Supplied material |
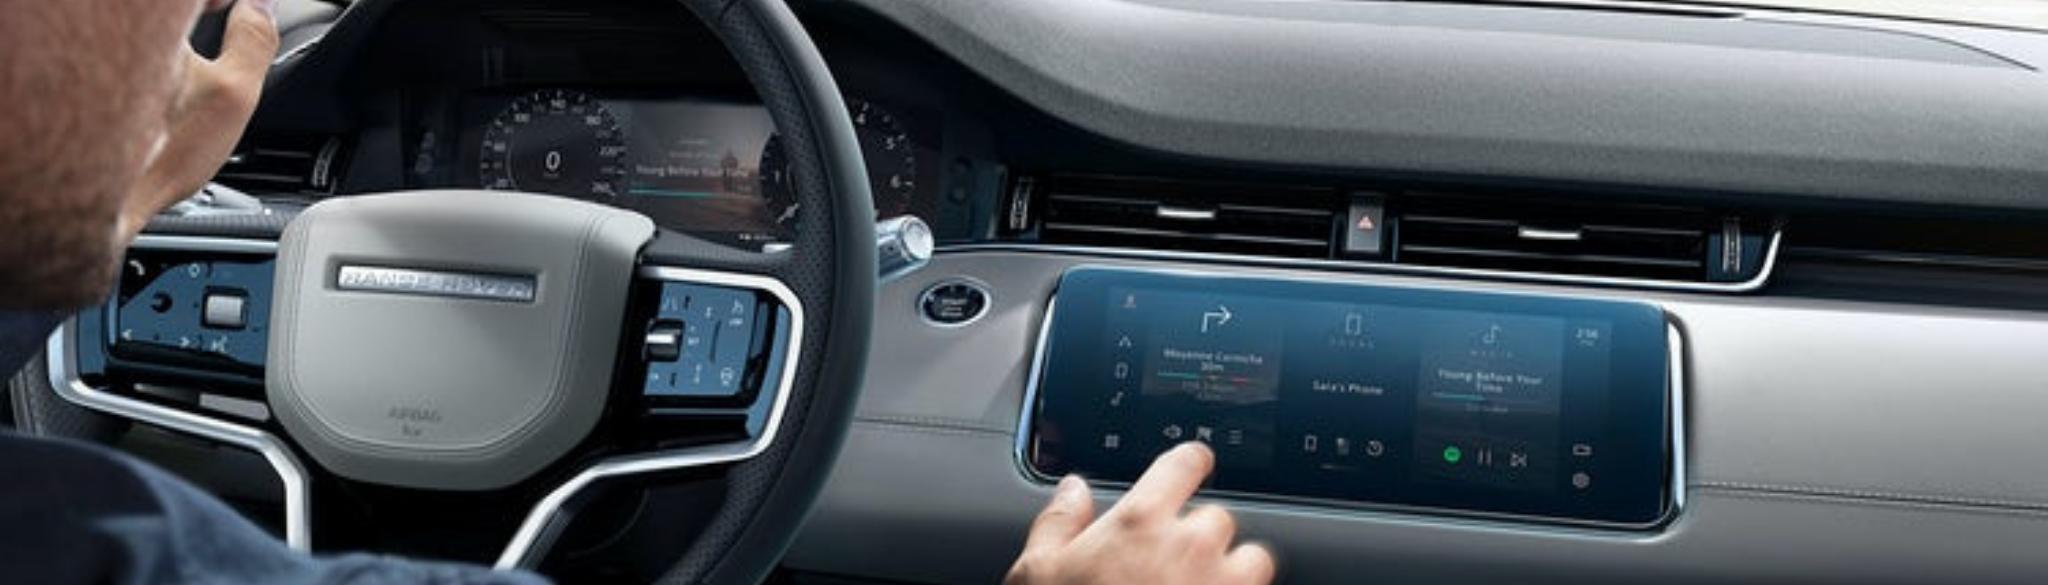 Range Rover Evoque 2021 Interior
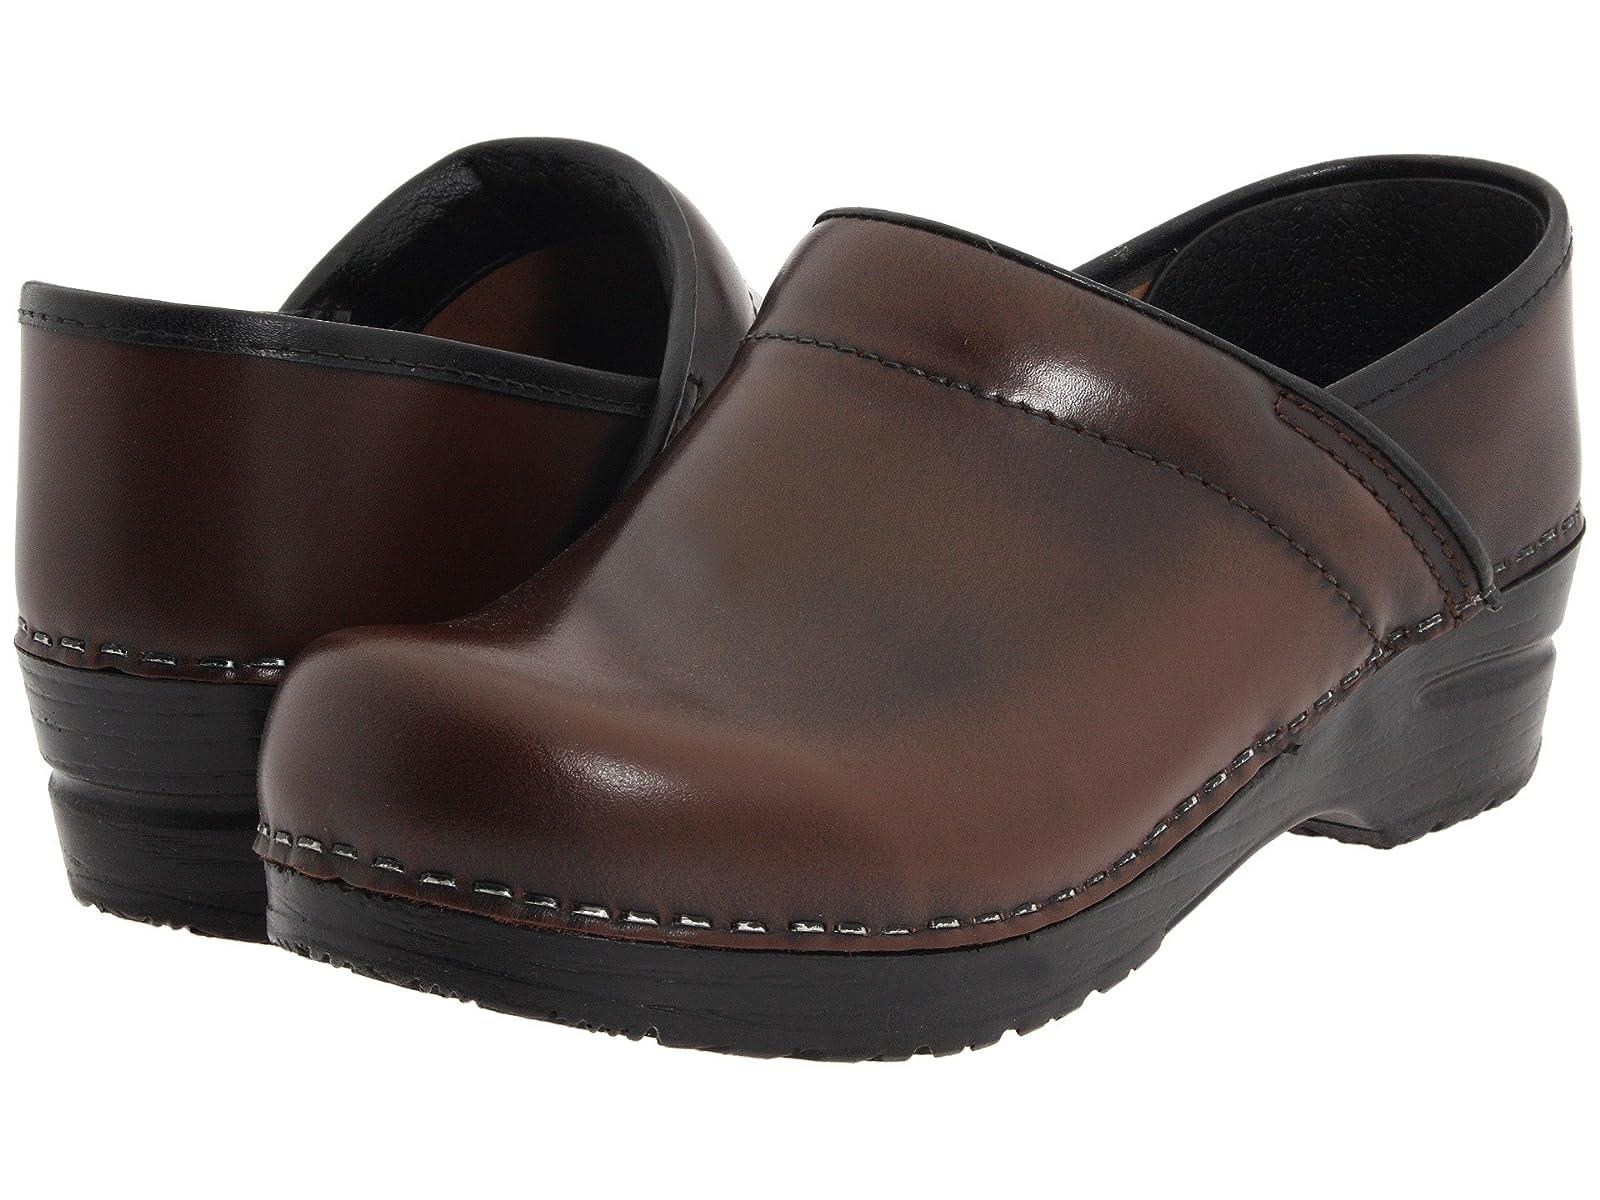 Sanita Professional CabrioAtmospheric grades have affordable shoes
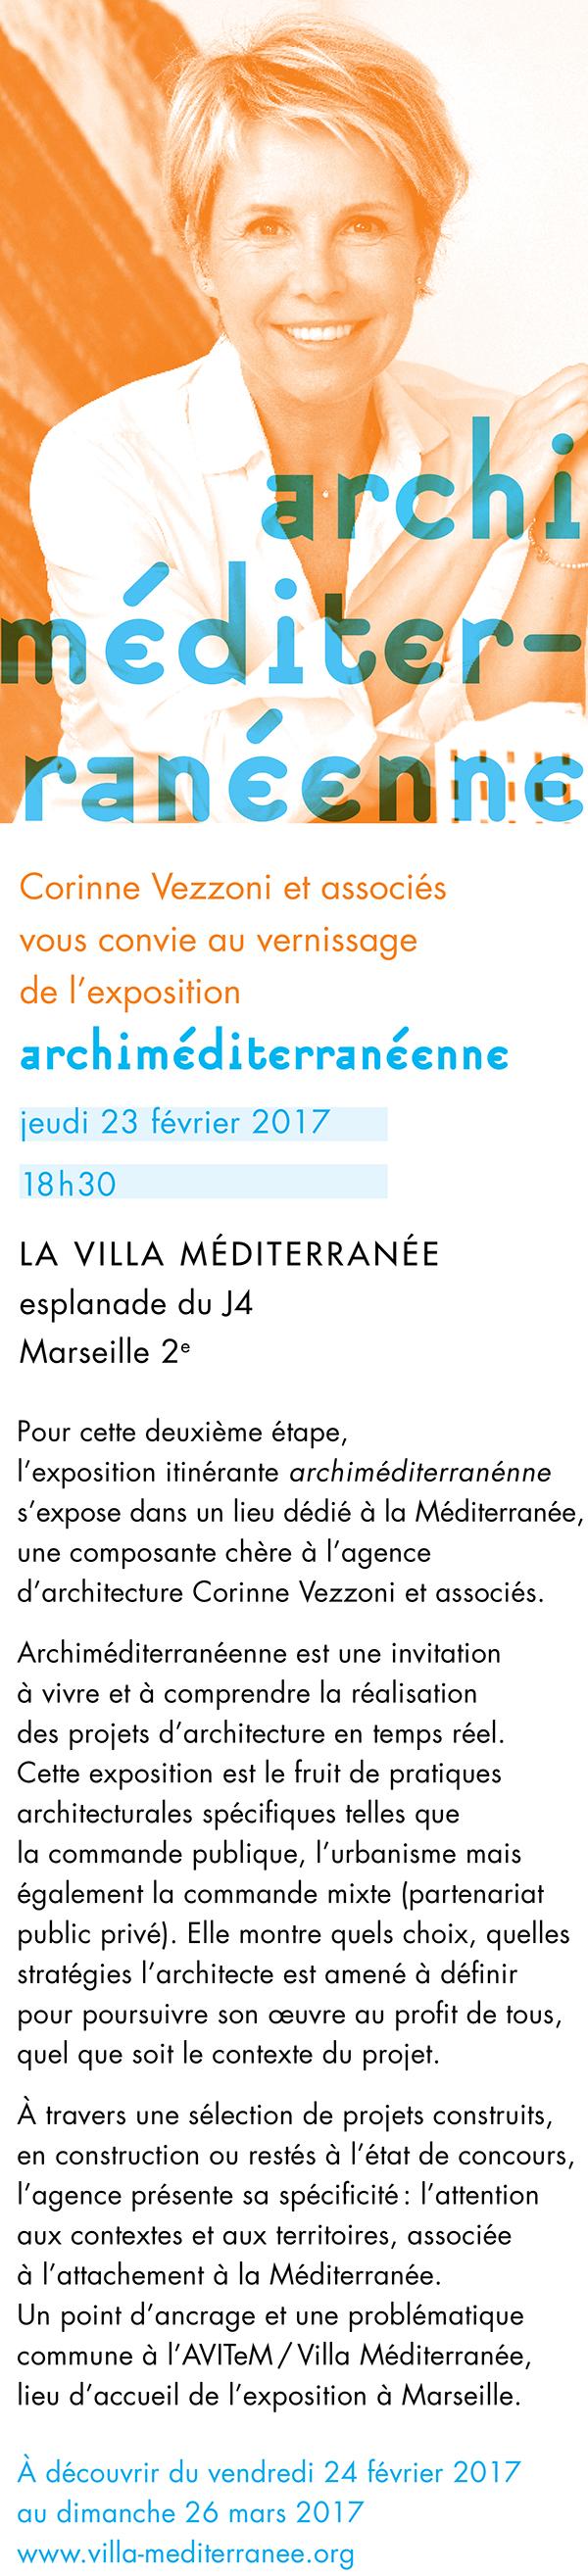 Archiméditerranéenne @ Villa Méditerranée

What you have to do |
Nothing but the pictures should be left out when the listing is repeated exactly.

Solution for this problem |
 Range Rover Evoque 2021 Interior
 Sanita Professional CabrioAtmospheric grades have affordable shoes
 Archiméditerranéenne @ Villa Méditerranée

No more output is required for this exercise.